* COLLECTED MATERIAL:
%%

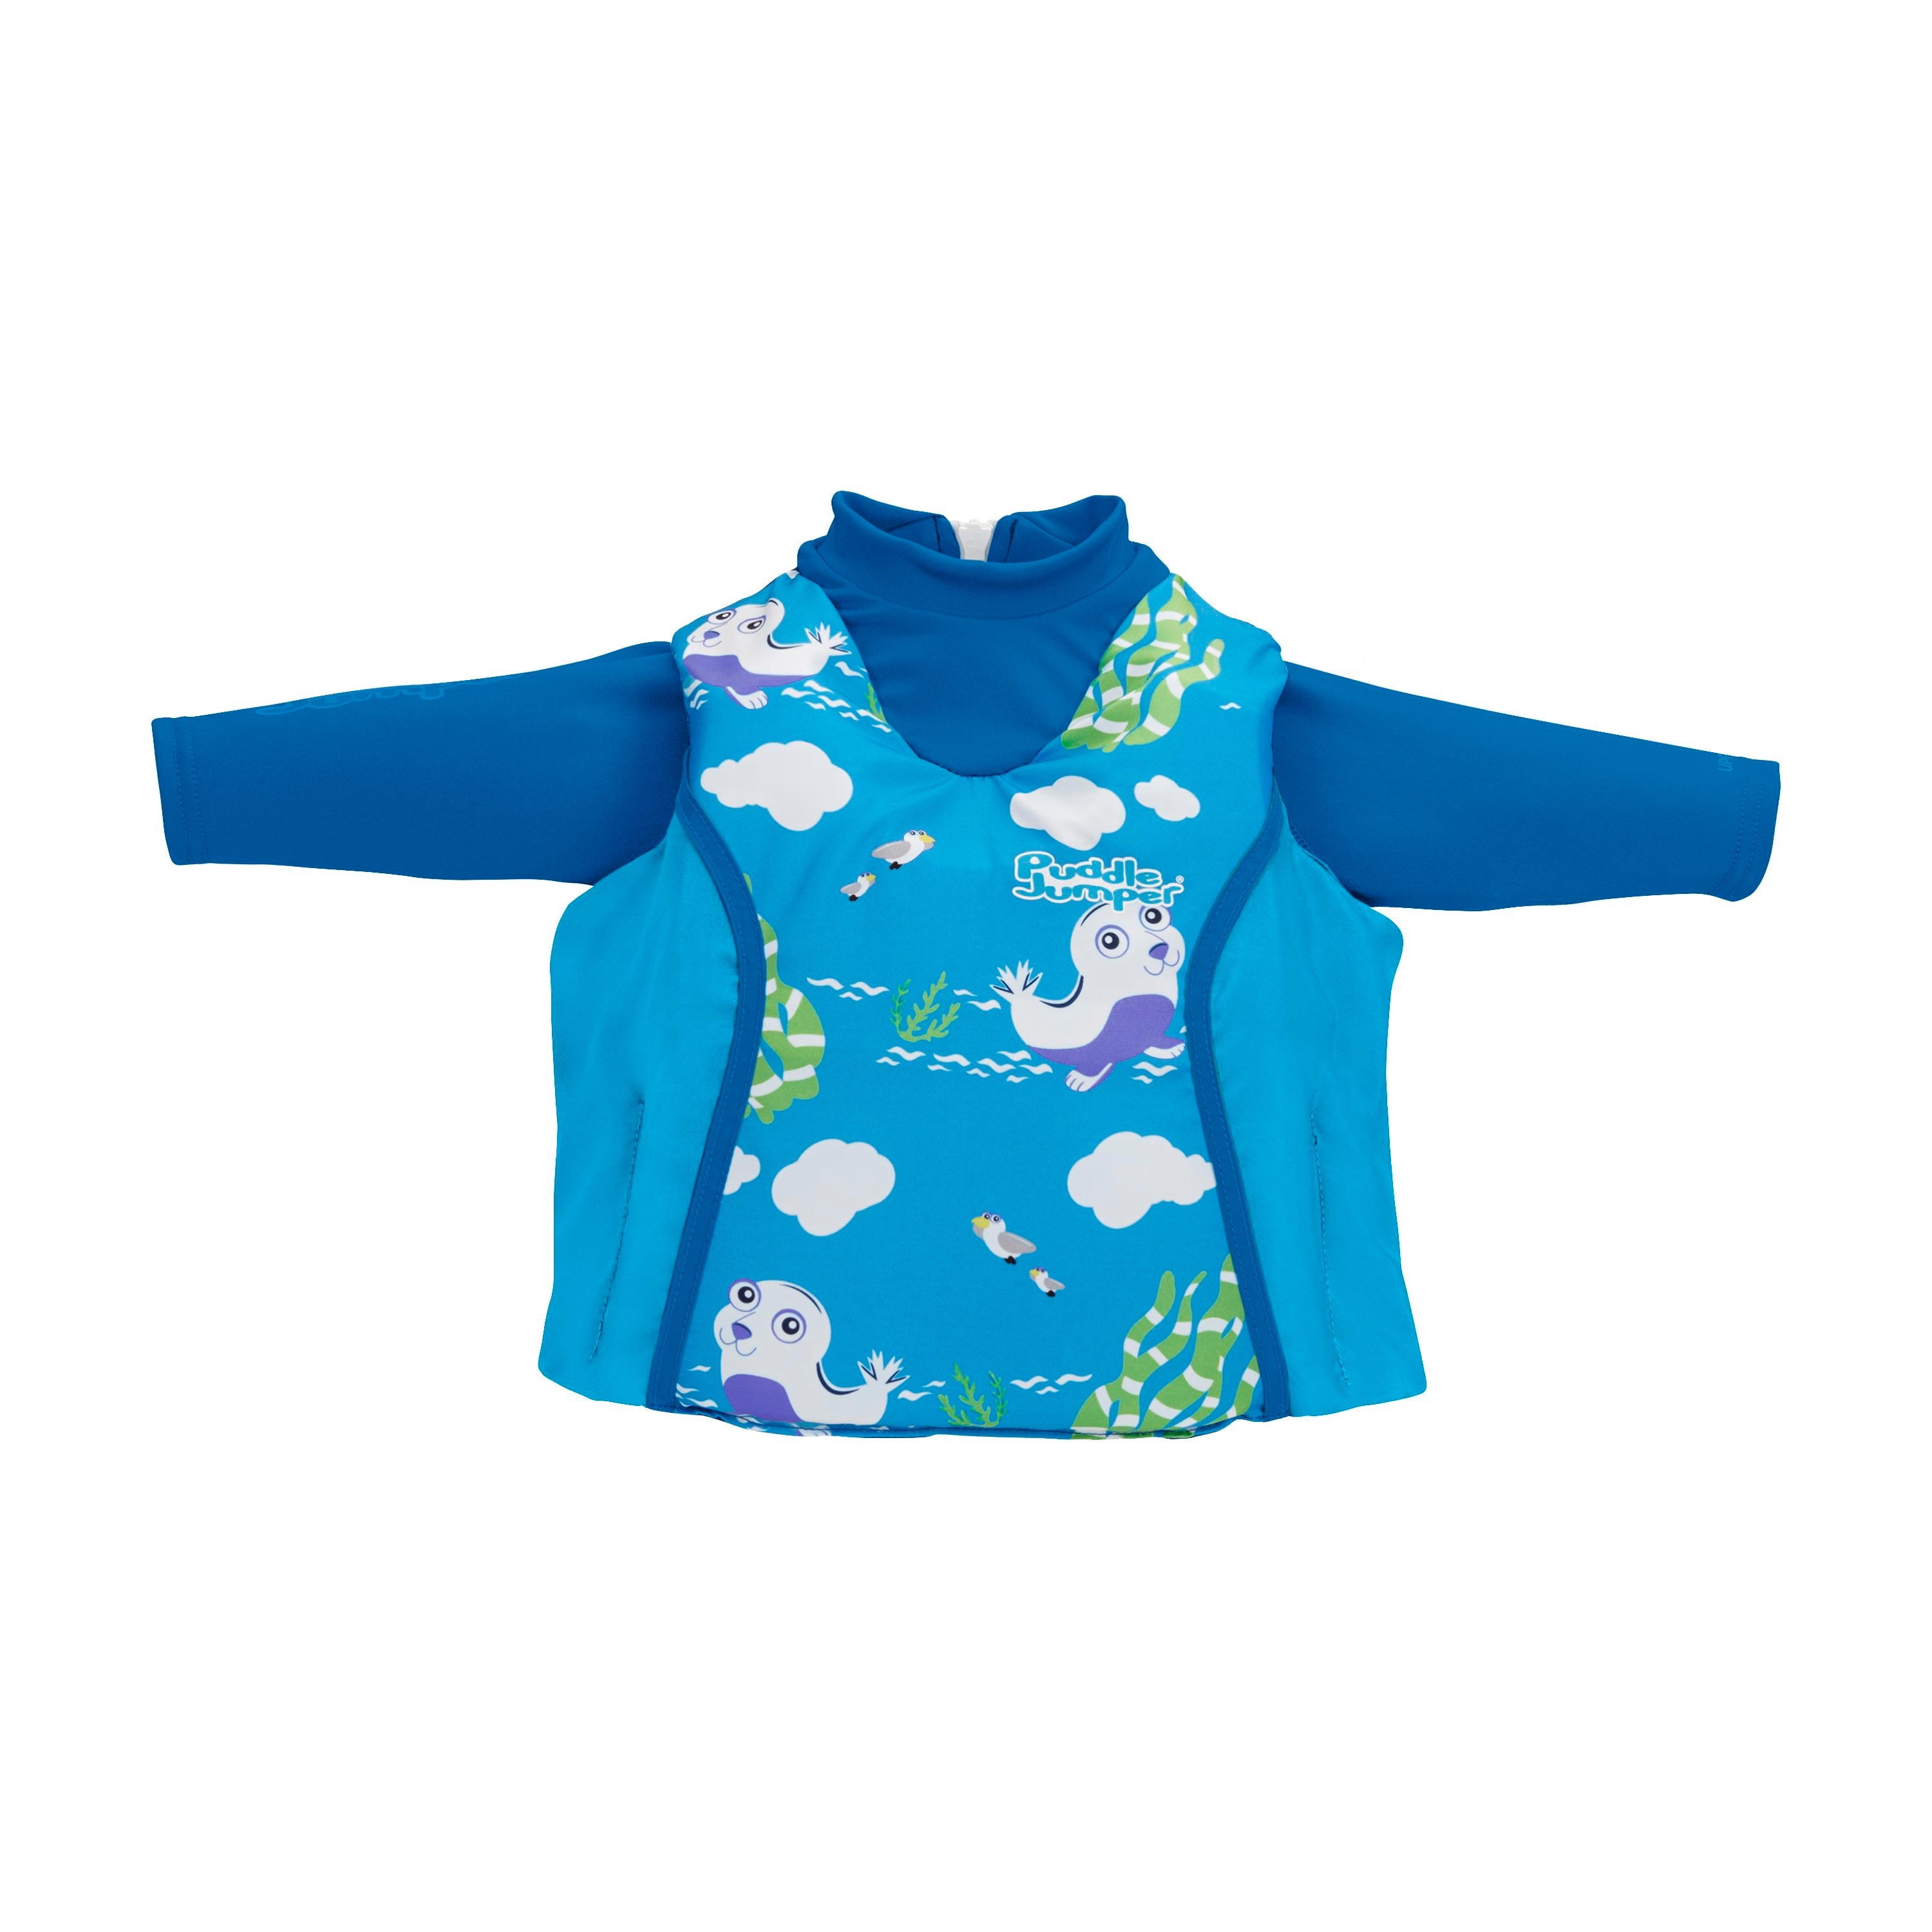 Coleman Puddle Jumper Kids Life Jacket Preserver Vest Mermaids UPF 50 PFD for sale online 
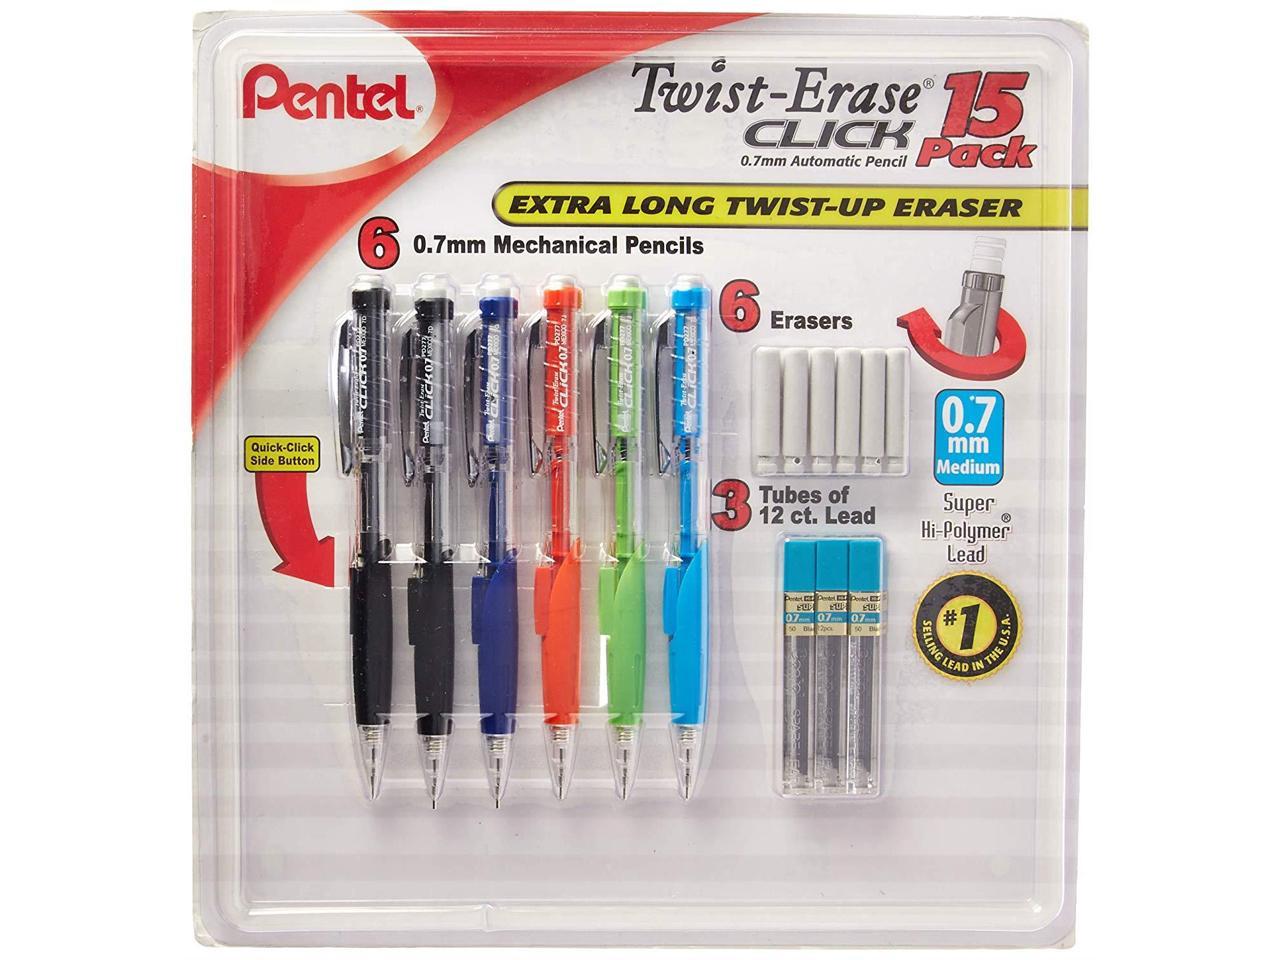 4 Erasers Per Tube 12 tubes Z2-1N White Pentel Refill Eraser for Mechanical Pencils 
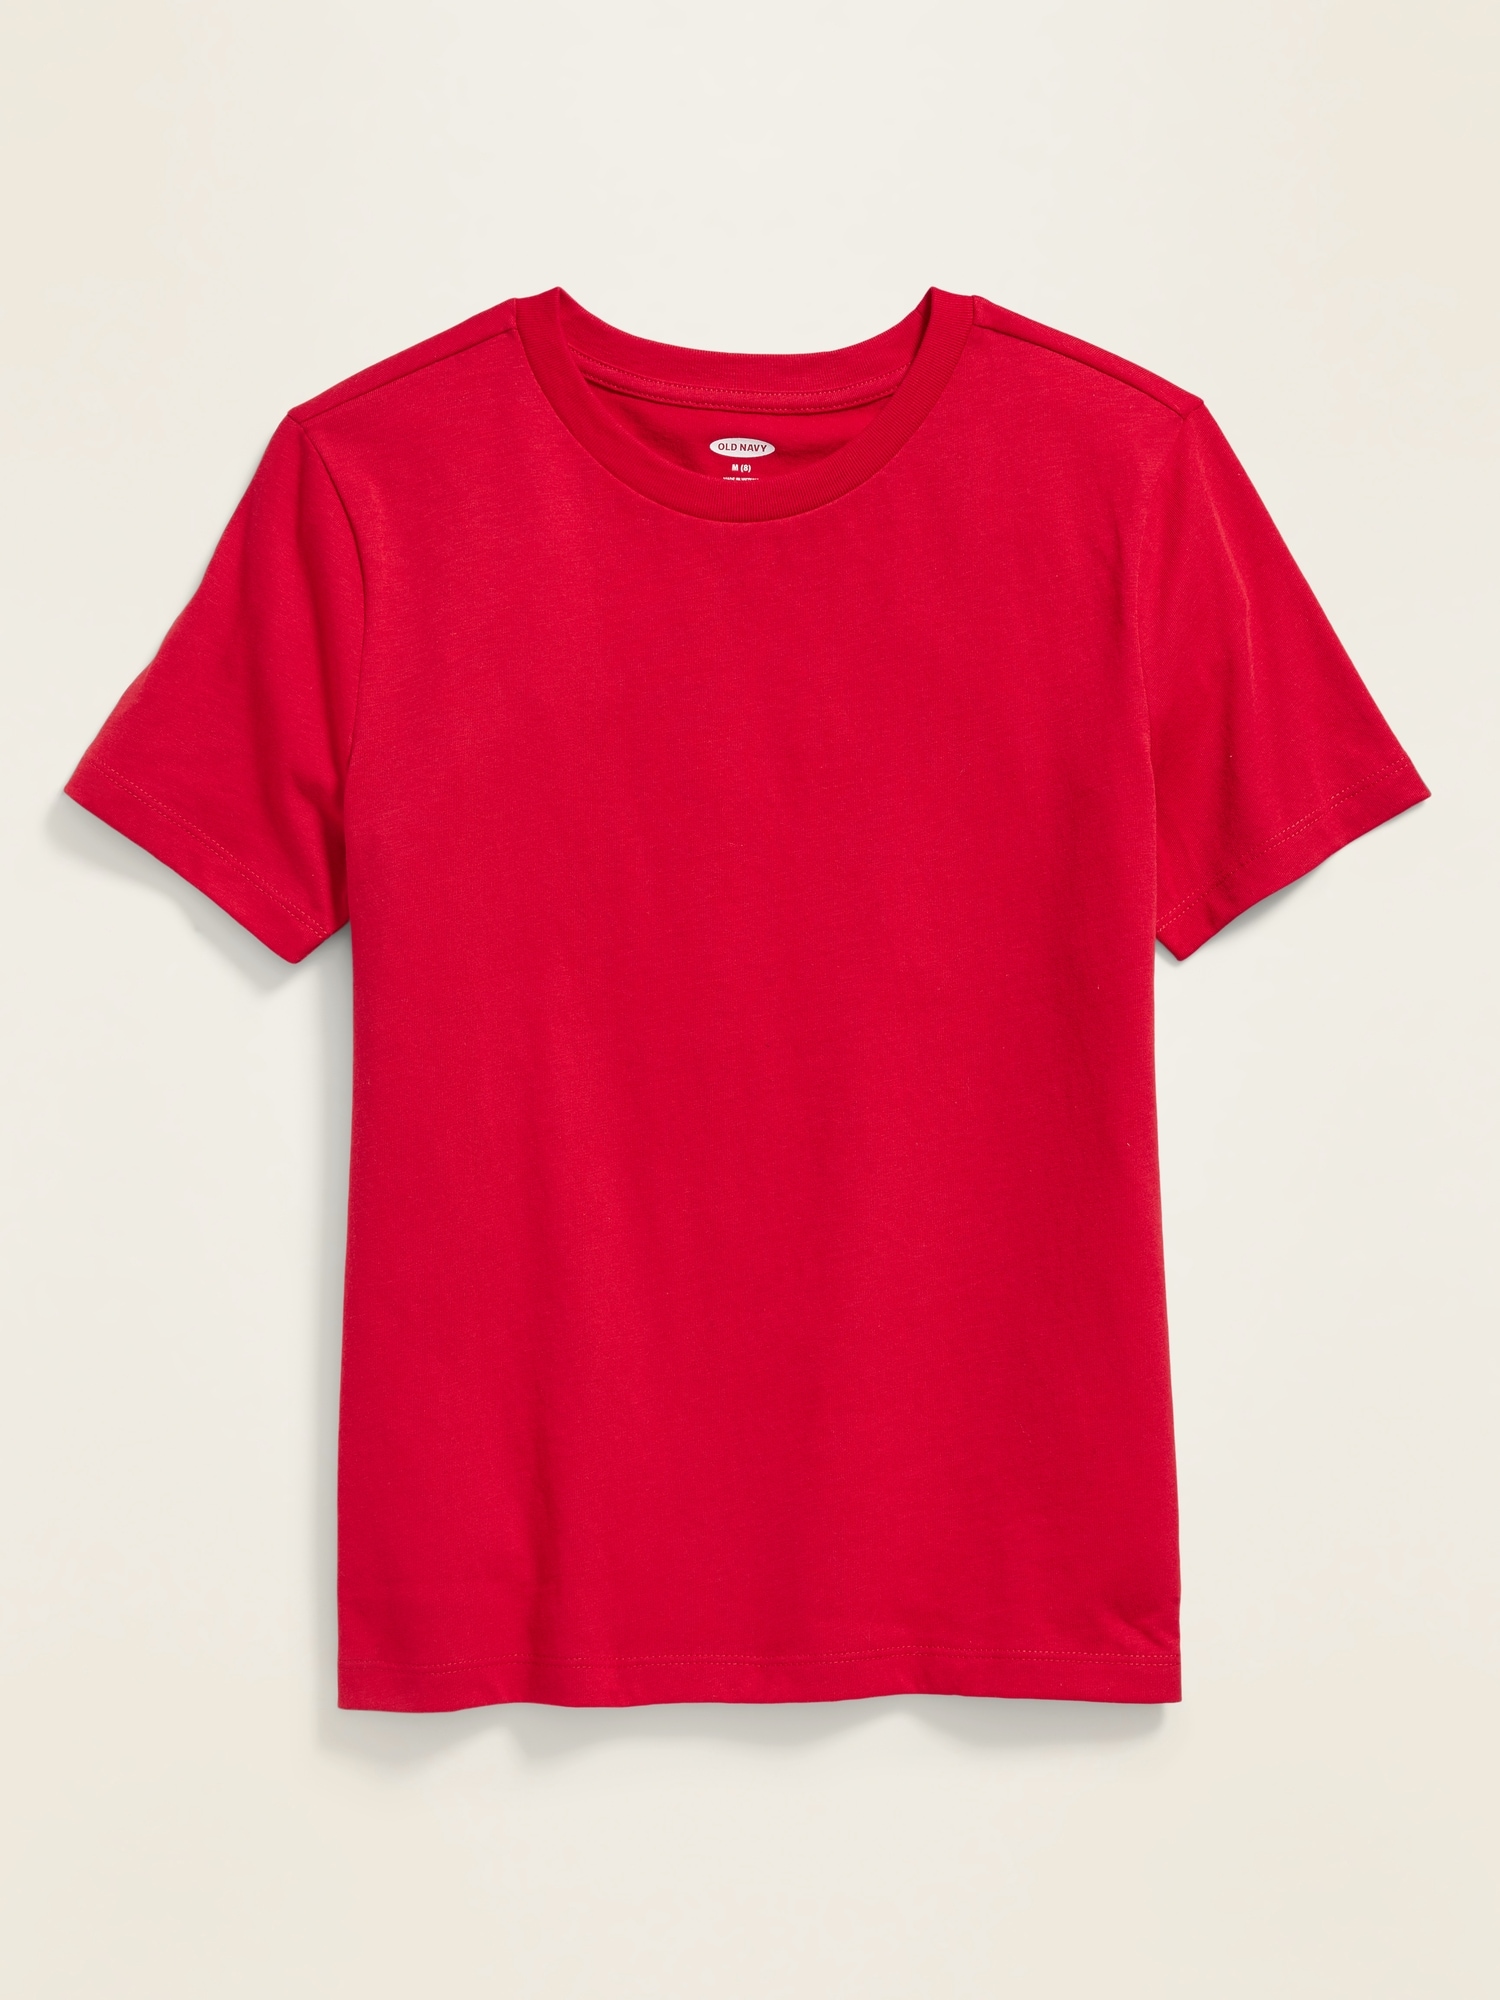 red tshirt for boys

%%

* YOUR INSTRUCTIONS: Retype the data word for word, please, and keep the images out.

* OUTPUT OF THE EXERCISE:
 Coleman Puddle Jumper Kids Life Jacket Preserver Vest Mermaids UPF 50 PFD for sale online 
 4 Erasers Per Tube 12 tubes Z2-1N White Pentel Refill Eraser for Mechanical Pencils 
 red tshirt for boys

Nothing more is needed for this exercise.